All installation and setup instructions are present at the Github repository mentioned in the References section.

Frontend

The interface of the application looks like below:

Home.py

This is the main entry point of the application for retrieval and synthesis.

import streamlit as st
import requests
import pandas as pd

BACKEND_URL = "http://localhost:8000/ask"  # FastAPI endpoint

# Page Configuration
st.set_page_config(
    page_icon="🎓", 
    page_title="Ask the Scholar", 
    initial_sidebar_state="auto",
    layout="wide")

# Load external CSS
with open("style.css") as f:
    st.markdown(f"<style>{f.read()}</style>", unsafe_allow_html=True)

# Sidebar
st.sidebar.header("🎓 Ask the Scholar")
st.sidebar.markdown("""
    **About**  
    This is a multimodal RAG-based assistant that allows you to interact with research papers using natural language.   
""")
st.sidebar.info("""
    **Features**  
    - Chat with research papers
    - Get relevant answers
    - Get multimodal responses
    - Interactive chat interface
""")

# Main title with an icon
st.markdown(
    """
    <div class="custom-header"'>
        <span>👨🏻‍🏫 Ask the Scholar</span><br>
        <span>A Multimodal RAG-based assistant to Chat with Research Papers</span>
    </div>
    """,
    unsafe_allow_html=True
)

# Horizontal line
st.markdown("<hr class='custom-hr'>", unsafe_allow_html=True)

# Initialize Chat History
if "chat_history" not in st.session_state:
    st.session_state.chat_history = []

# # Display Welcome Message
# if st.session_state.welcome_message == True:
#     st.success("""
#         **Welcome to Ask the Scholar!**
#         - I'll help you find answers in research papers.
#         - Just type your question below and I'll do my best to assist you.
#     """)

# Chat History Display
chat_container = st.container()
with chat_container:
    for chat in st.session_state.chat_history:
        with st.chat_message("user", avatar="👤"):
            st.markdown(f"<div class='user-msg'>{chat['user']}</div>", unsafe_allow_html=True)
        with st.chat_message("assistant", avatar="👨🏻‍🏫"):
            # st.markdown(f"<div class='assistant-msg'>{chat['assistant']}</div>", unsafe_allow_html=True)
            st.markdown(chat['assistant'])

# User Input
user_input = st.chat_input("Ask a question...")

if user_input:
    with st.chat_message("user", avatar="👤"):
        st.markdown(f"<div class='user-msg'>{user_input}</div>", unsafe_allow_html=True)

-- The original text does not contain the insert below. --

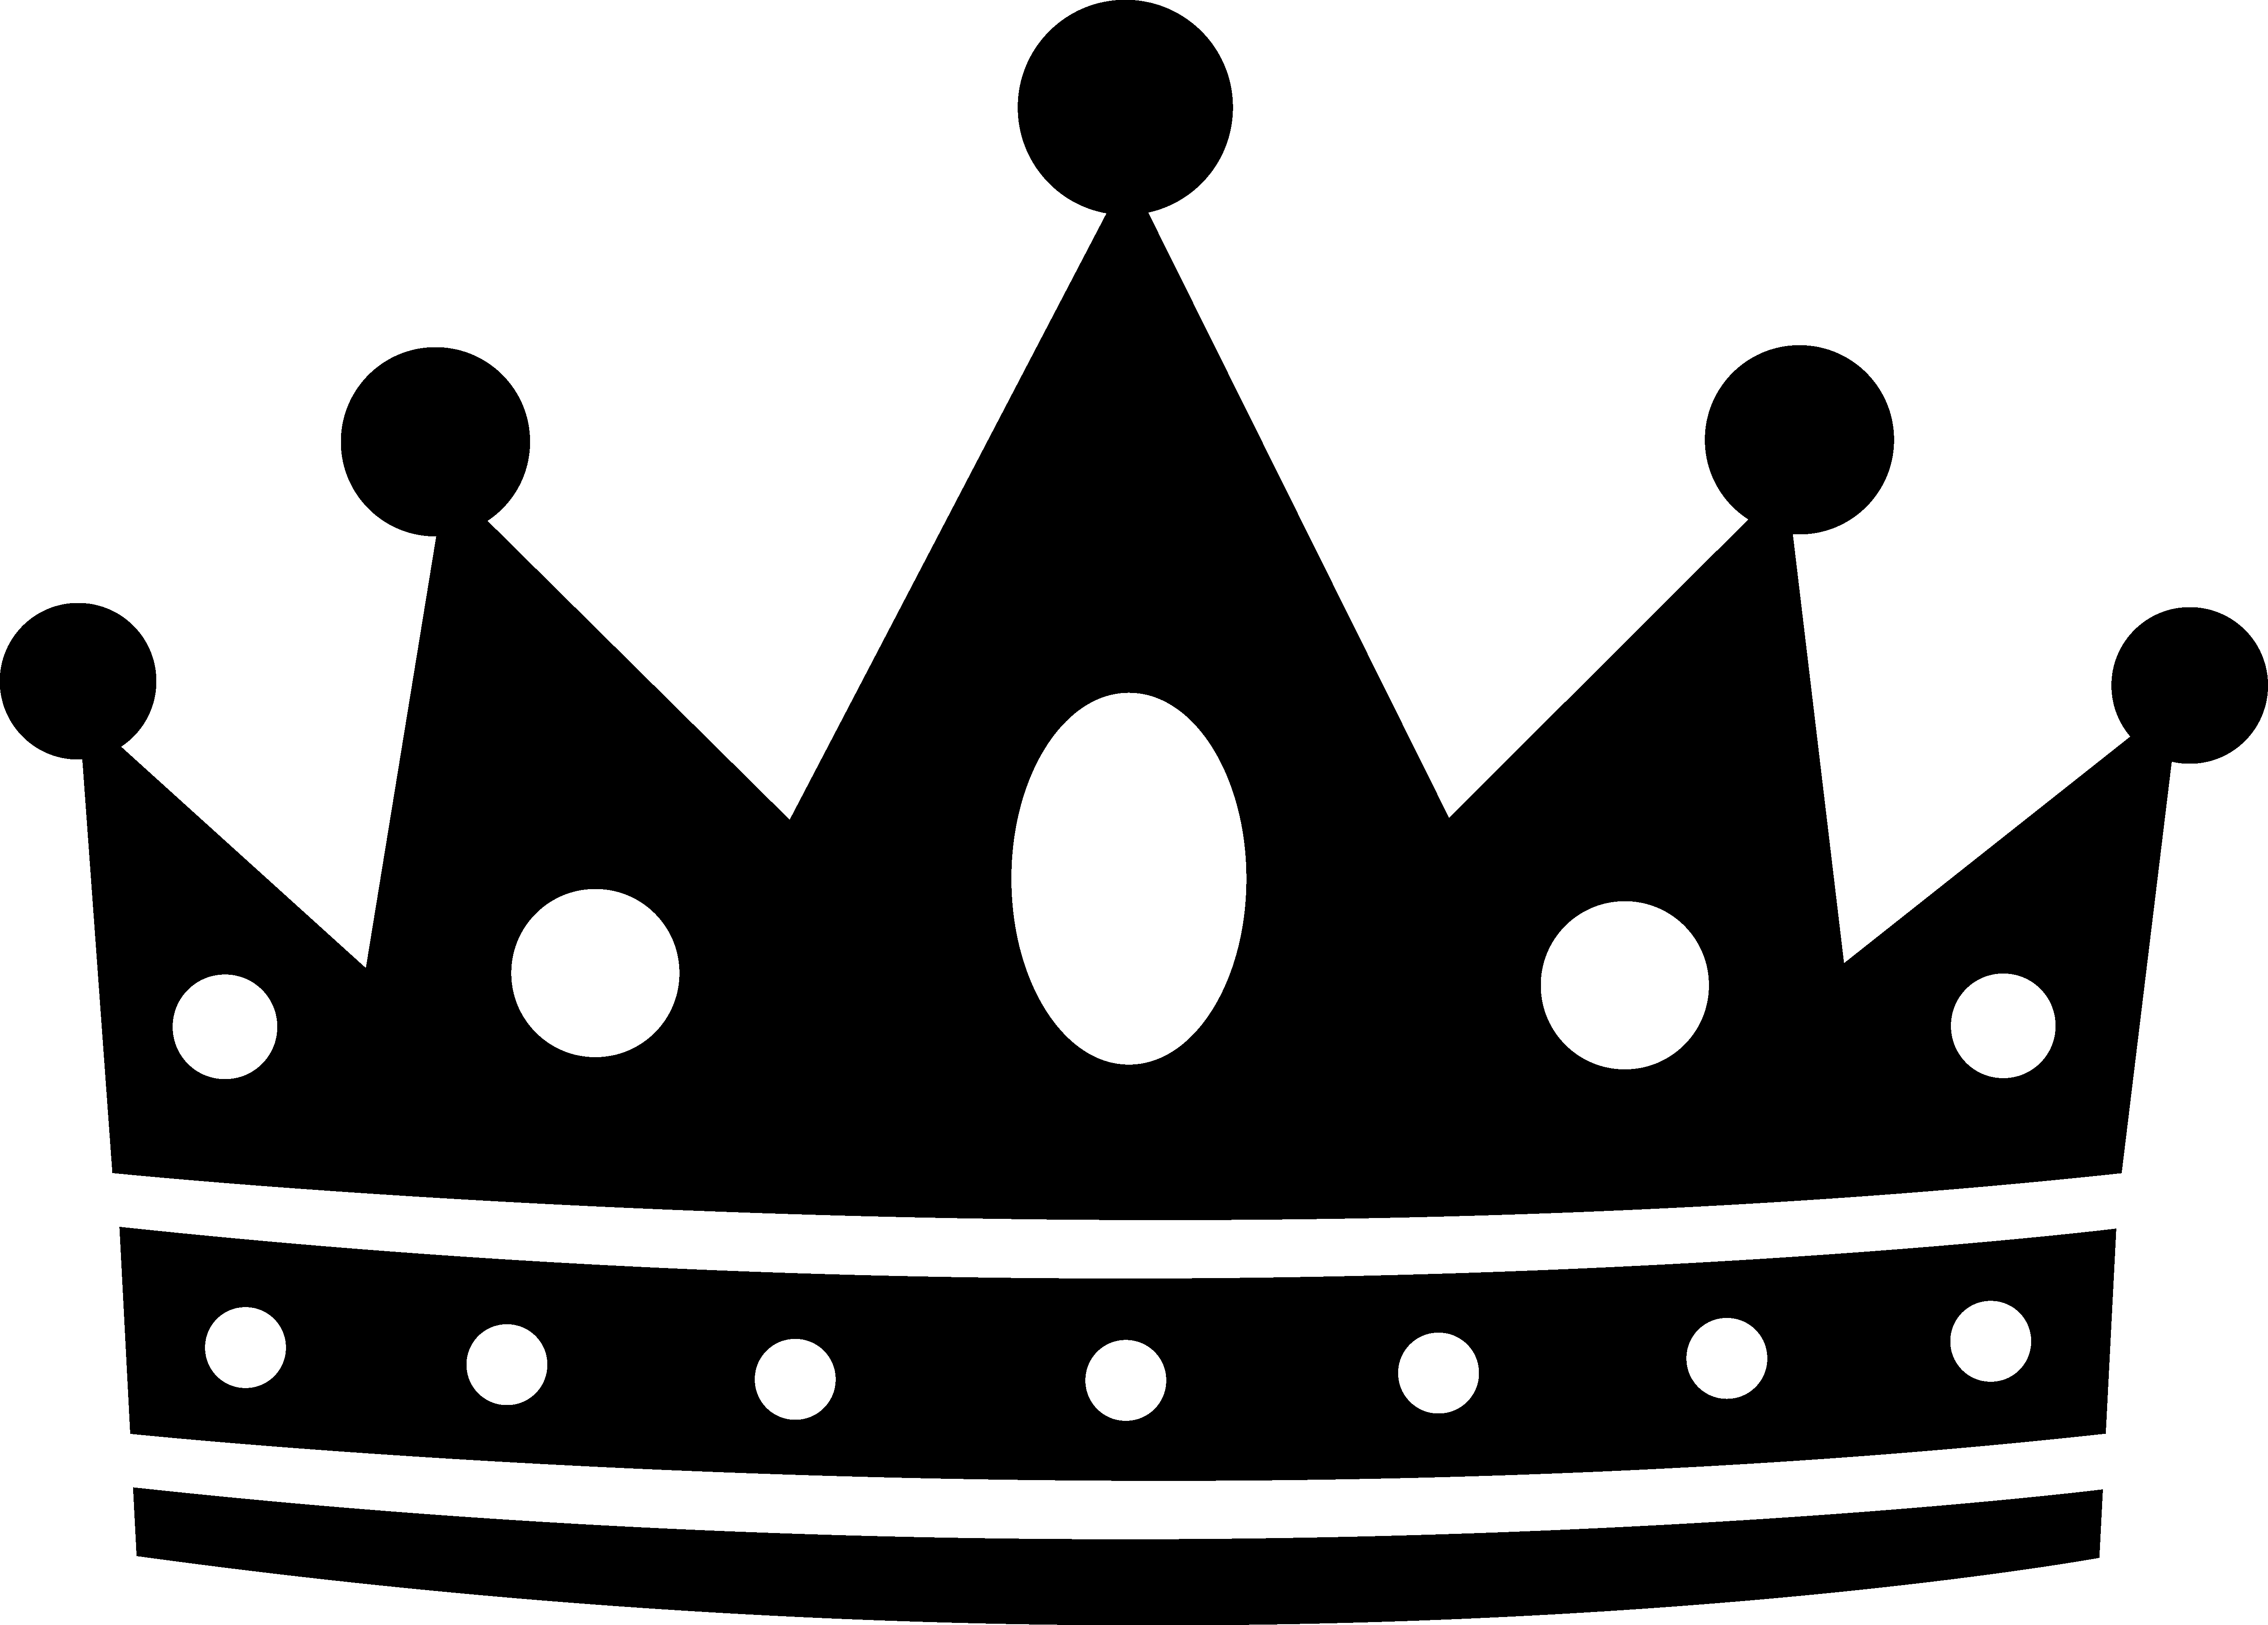 queen crowns vectors - photo #18

    with st.spinner("Retrieving information..."):
        try:
            response = requests.post(BACKEND_URL, json={"query": user_input})
            response.raise_for_status()
            result_data = response.json()
            result = result_data.get("response", "")
            images = result_data.get("images", [])
            tables = result_data.get("tables", [])
        except Exception:
            result = "❌ Error: Something went wrong."
            images, tables = [], []

    with st.chat_message("assistant", avatar="👨🏻‍🏫"):
        # st.markdown(f"<div class='assistant-msg'>{result}</div>", unsafe_allow_html=True)
        st.markdown(result)

        try:
            if images:
                st.markdown("**🔍 Relevant Images:**")
                for img_path in images:
                    st.image(img_path, use_column_width=True)

            if tables:
                st.markdown("**📊 Relevant Tables:**")
                for table_path in tables:
                    try:
                        df = pd.read_csv(table_path)
                        st.dataframe(df)
                    except Exception as e:
                        st.warning(f"Could not display table {table_path}: {e}")
        except Exception:
            st.error("Could not display results. Please try again.")

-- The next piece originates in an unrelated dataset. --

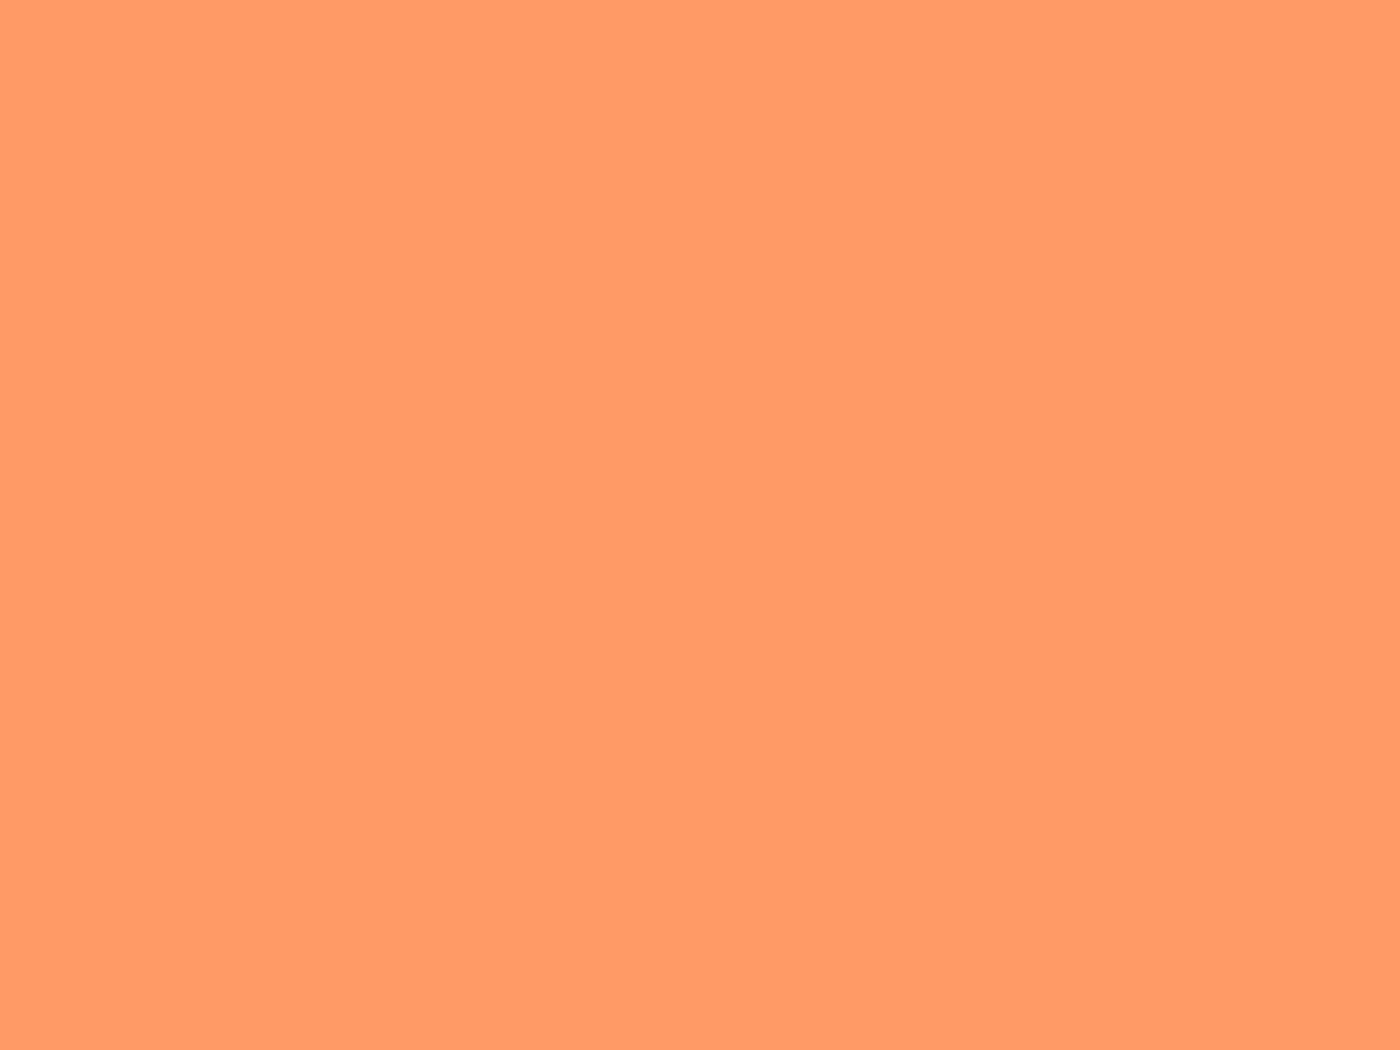 1400x1050 Pink-orange Solid Color Background

    # Update session history
    st.session_state.chat_history.append({
        "user": user_input,
        "assistant": result
    })

Backend

ingest.py

This is the script for ingesting the PDF documents into the Chroma vector store after passing it through various intermediate steps like loading, parsing, chunking, and embedding.

import os
from unstructured.partition.pdf import partition_pdf
from langchain.schema import Document
from PIL import Image
import base64, io
import pandas as pd
from langchain.text_splitter import RecursiveCharacterTextSplitter
from langchain_community.vectorstores import Chroma
from transformers import AutoModel
from typing import List
import logging
from io import StringIO
from itertools import zip_longest

# Configure logging
def configure_logging():
    # Create logs directory if it doesn't exist
    os.makedirs("logs", exist_ok=True)

    # Create a logger specifically for your ingestion pipeline
    ingestion_logger = logging.getLogger("ingestion")
    ingestion_logger.setLevel(logging.INFO)  # Set desired level

    # Prevent logs from propagating to the root logger
    ingestion_logger.propagate = False

    # Create a file handler for this logger
    file_handler = logging.FileHandler("logs/ingestion.log")
    file_handler.setLevel(logging.INFO)

    # Add console output too
    console_handler = logging.StreamHandler()
    console_handler.setLevel(logging.INFO)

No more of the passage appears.